Search code examples
pythonstringnumpytruncatedgenfromtxt

Python loadtxt and genfromtxt truncate strings


I have a 2-column array mixed type array that I need to read in and reshape into a data cube. I've got most of it working, but for some reason both numpy.loadtxt and np.genfromtxt drop everything after the 8th character from the string part of the tuple. I have 25 blocks of 8 parameter-value pairs corresponding to stars of varying masses and metallicities. For instance, Teff \t\t 5.2739E+3 (there are 2 tabs between the string and the float) converts to a key-value pair just fine, but MASS/MSUN \t\t 0.800 gets converted to 'MASS/MSU':0.800 instead of 'MASS/MSUN':0.800 like I expected. Similarly,LOG(L/LSUN) \t\t 0.0522 becomes 'LOG(L/LS': 0.0522 instead of 'LOG(L/LSUN)': 0.0522 Why are the last characters in the strings falling off? I've tried setting the delimiters to only tabs, only tabs and newlines (didn't seem to like that), commented out the lines between blocks, etc. Seems like no matter what I do, the character limit for each string is stuck at 8. There must be a string subtype I need to declare. I've made a workaround, it just bothers me.

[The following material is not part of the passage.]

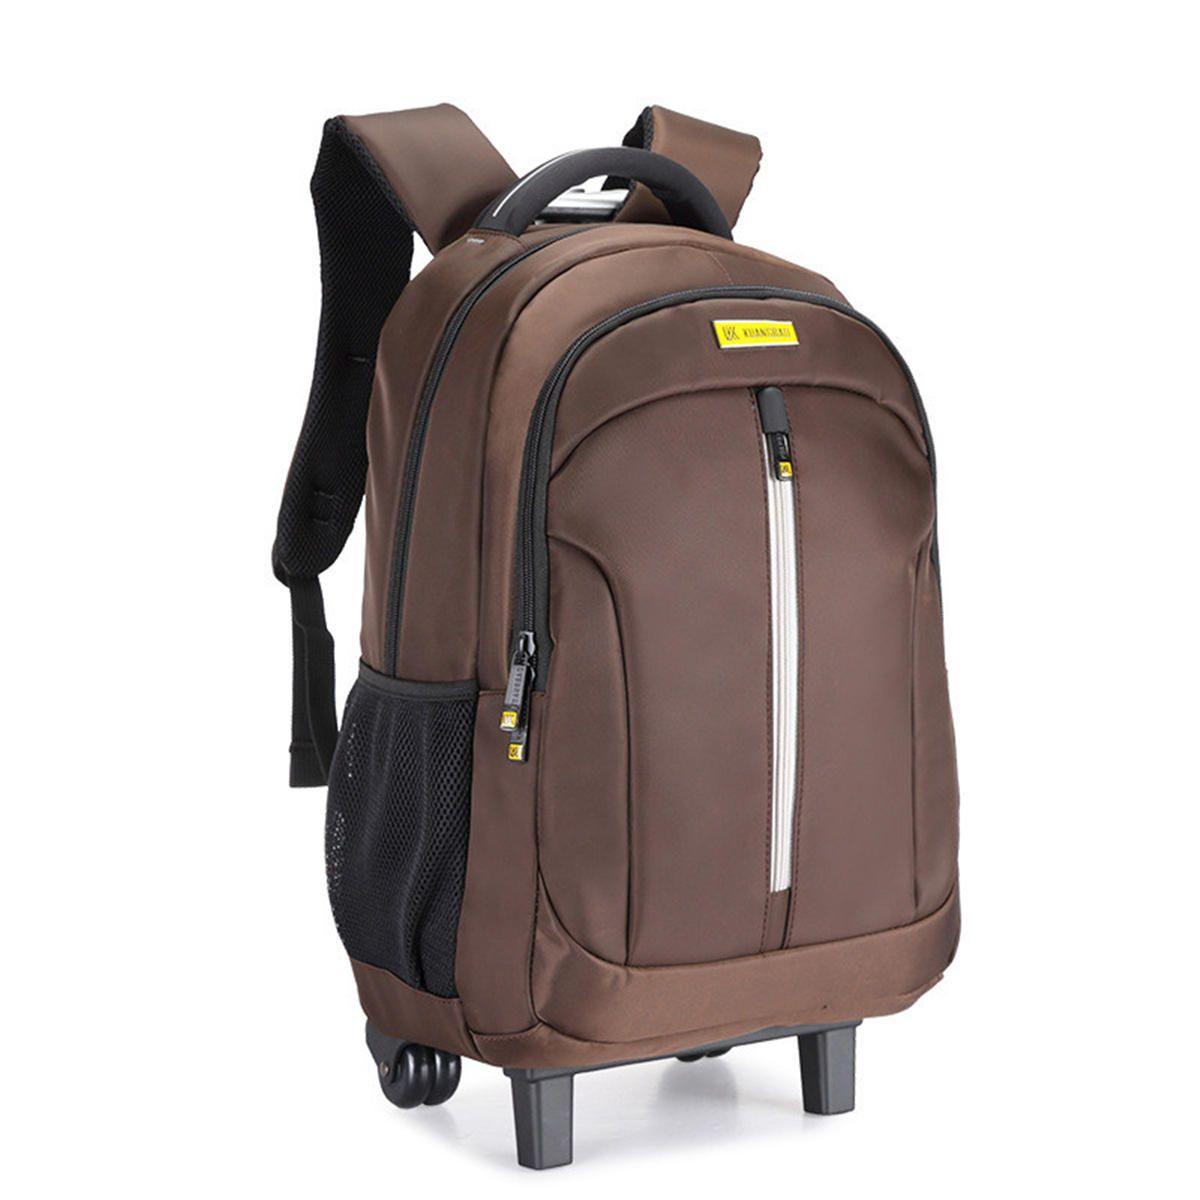 NDX US$57.45 19Inch Waterproof Wheeled Trolley Backpack Laptop Suitcase Luggage Rucksack Traveling Stroage Bags

This is my code (I'm using the Spyder GUI, BTW):

>>>f=np.genfromtxt("zamsdata.txt",dtype=(str,float))
>>>zcube = defaultdict(lambda: defaultdict(lambda: defaultdict(list)))
>>>infotups=[]
>>>for row in f:
>>>    if 'MASS' in row[0]:
>>>        mass=str(row[1])
>>>        continue #rows are in repeating order of MASS, X, Y, Pc, Tc, R, L, Te, LOG(Te) & LOG(L/LSUN)
>>>    if 'X' in row[0]:
>>>        hydfrac=str(row[1])
>>>        continue
>>>    else:
>>>        infotups=infotups+[[hydfrac,mass,str(row[0]),row[1]]]
>>>        
>>>for l,m,a,o in infotups:
>>>    zcube[l][m][a].append(o)

Solution

  • When the data type of a field is specified to be str, it looks like the default size assigned to the field by genfromtxt is eight characters. If you know that the maximum number of characters is, say, 12, you could use dtype=['S12', float]. (Note that I've used a list, not a tuple.) You could also use dtype=None, which tells genfromtxt to figure out the data type of each field from what it finds in the file.